Ingeborg Fredrika Björklund ( – ) was a Swedish author.

She was born in 1897 to Wilhelm Björklund, a civil engineer, and Emma Häggberg Björklund. She studied at Lund University in 1919–20, and earned a teacher's degree in Gothenburg in 1924. In 1927 she went on study trips to Germany and the Soviet Union. Björklund's first novel, En kvinna på väg, was published in 1926. This was followed by Våren (1930), Månen över Lund (1931) and Han som sjöng (1935), a trilogy of novels centring on the issues faced by a single woman in a male-dominated world. Her first collection of poetry, Den spända strängen, was published in 1927, and dealt primarily with feminist and radical political issues.
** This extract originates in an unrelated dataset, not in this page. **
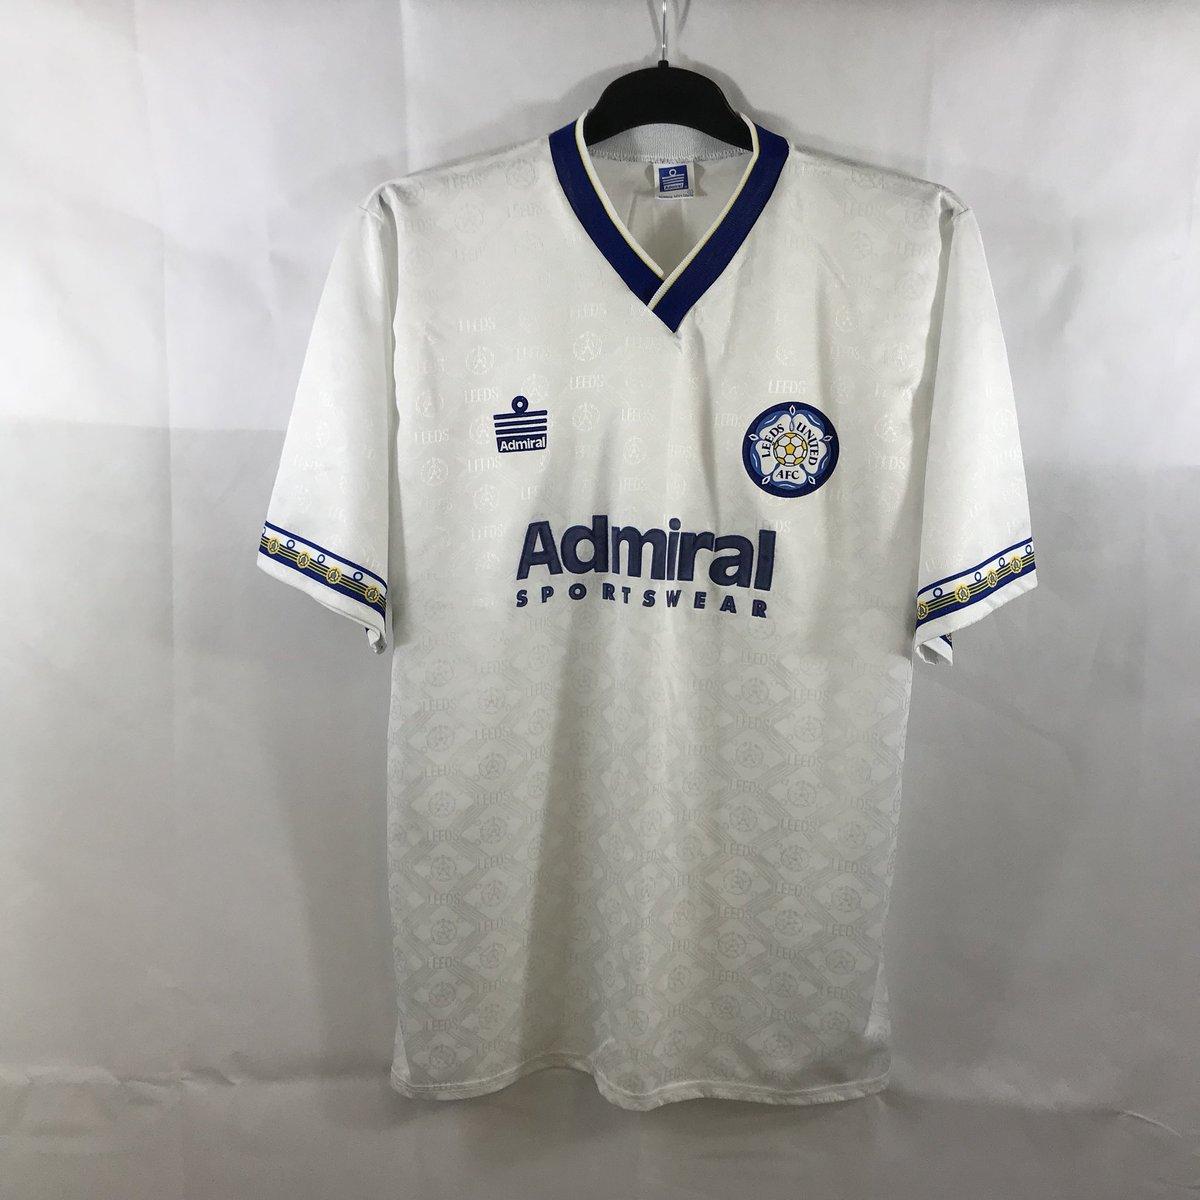 001e28a71 ... Shirt 1992 93 Adults Large Admiral  http   historicfootballshirts.co.uk shop leeds-united-home-football-shirt- 1992-93-adults-large-admiral  …

This was followed by the collections Ropet efter lycka (1928), Kärleksdikt (1932), Famn (1934) and Hemligt budskap (1938).

Björklund worked as an editor for the Saturday supplement of the Swedish communist newspaper Folkets Dagblad Politiken in the period 1928–32. She also was a colleague of the Swedish communist Albin Amelin on the magazine Mänsklighet in 1934.

Björklund was married three times, and had two children. Her first child, Bertil, who later went on to become a professor of medicine at Karolinska Institute, was born in 1921. She also had another son, Vilhelm Bexell, in 1936, who went on to become a journalist.